= J. Edward Hall =

American politician

James Edward Hall (August 22, 1851 – May 3, 1889) was a socialist trade union organizer and politician. He is best remembered as one of the organizers of the New York Central Labor Union and one of the first American socialists nominated for high political office, heading the New York state ticket of the Socialist Labor Party of America as its candidate for Governor in 1888.

==Biography==

===Early years===
J. Edward Hall was born August 22, 1851, in Glen Cove which was then a village in Queens County, and is now a city in Nassau County on Long Island. He attended the common schools, and became a machinist by trade.

Hall helped to organized the national trade district of the Machinery Constructors union and was the secretary of that organization through 1888. He was also one of the organizers of the Central Labor Union of New York in 1882.

===Political career===
Hall was an early member of the American Section (i.e. English-speaking branch) of the Socialist Labor Party of America (SLP).

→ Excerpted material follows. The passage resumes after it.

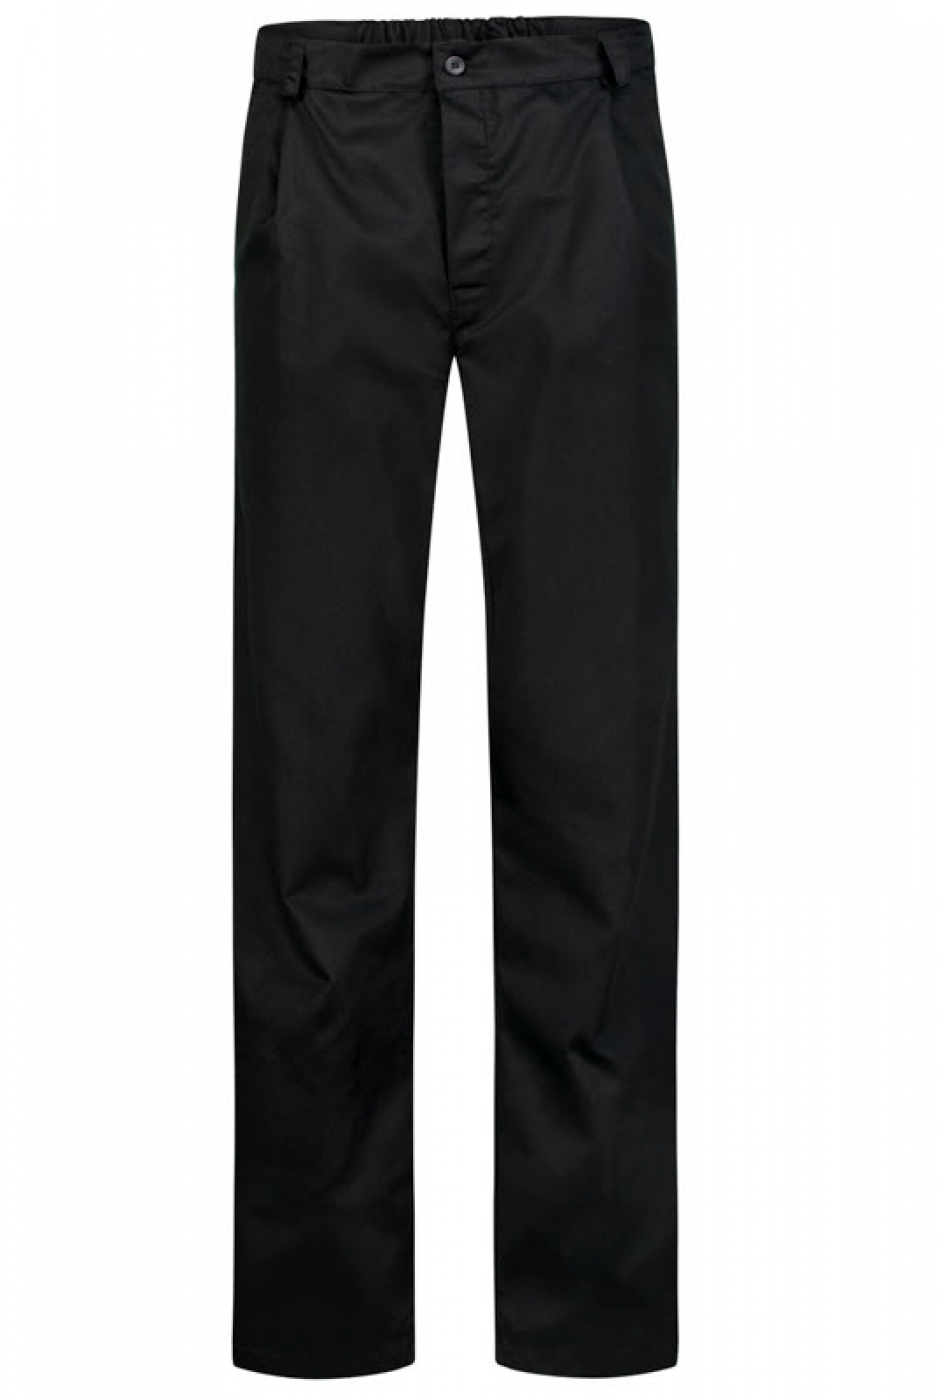 Pantalon bucatar, model cu fermoar, buzunare interioare si elastic la spate, de barbat

In the 1887 state election, Hall was nominated as the candidate of the Progressive Labor Party for Secretary of State after the previous nominee John Swinton declined and ran for the State Senate's 7th district election instead. In 1888, the Socialist Labor Party chose to run a state ticket under its own name for the first time and Hall was selected to head the ticket as candidate for Governor of New York, and polled 3,348 votes (about 0.25% of the total).

Although ill with the disease that would soon take his life, in the spring of 1889 Hall issued the call to establish the Nationalist Club of New York, "nationalism" being synonymous with nationalization/public ownership at that time. This organization drew the participation of Columbia University lecturer Daniel DeLeon, later a top leader of the SLP. Although too ill to attend its inaugural meeting, held Sunday, April 7, 1889, "a vote of thanks...for his untiring efforts in behalf of Nationalism," was passed by the meeting and an organization of more than 100 members immediately emerged.

===Death and legacy===
Hall died of tuberculosis at his residence at 1911 Third Avenue, on May 3, 1889. He left a widow and four children. His funeral was attended by hundreds of socialists from around New York and a parade of 500 escorted the carriage bearing the coffin to the ferry at Astoria, New York, from which the remains were taken to the crematory at Fresh Pond, Long Island.

==Works==
- The Place of Individualism in the Socialist System. New York: New York Labor News Co., 1888.
- "Standard Sophistries," Workmen's Advocate [New York], November 17, 1888.
- "The 'Press' Parrot," Workmen's Advocate [New York], November 17, 1888.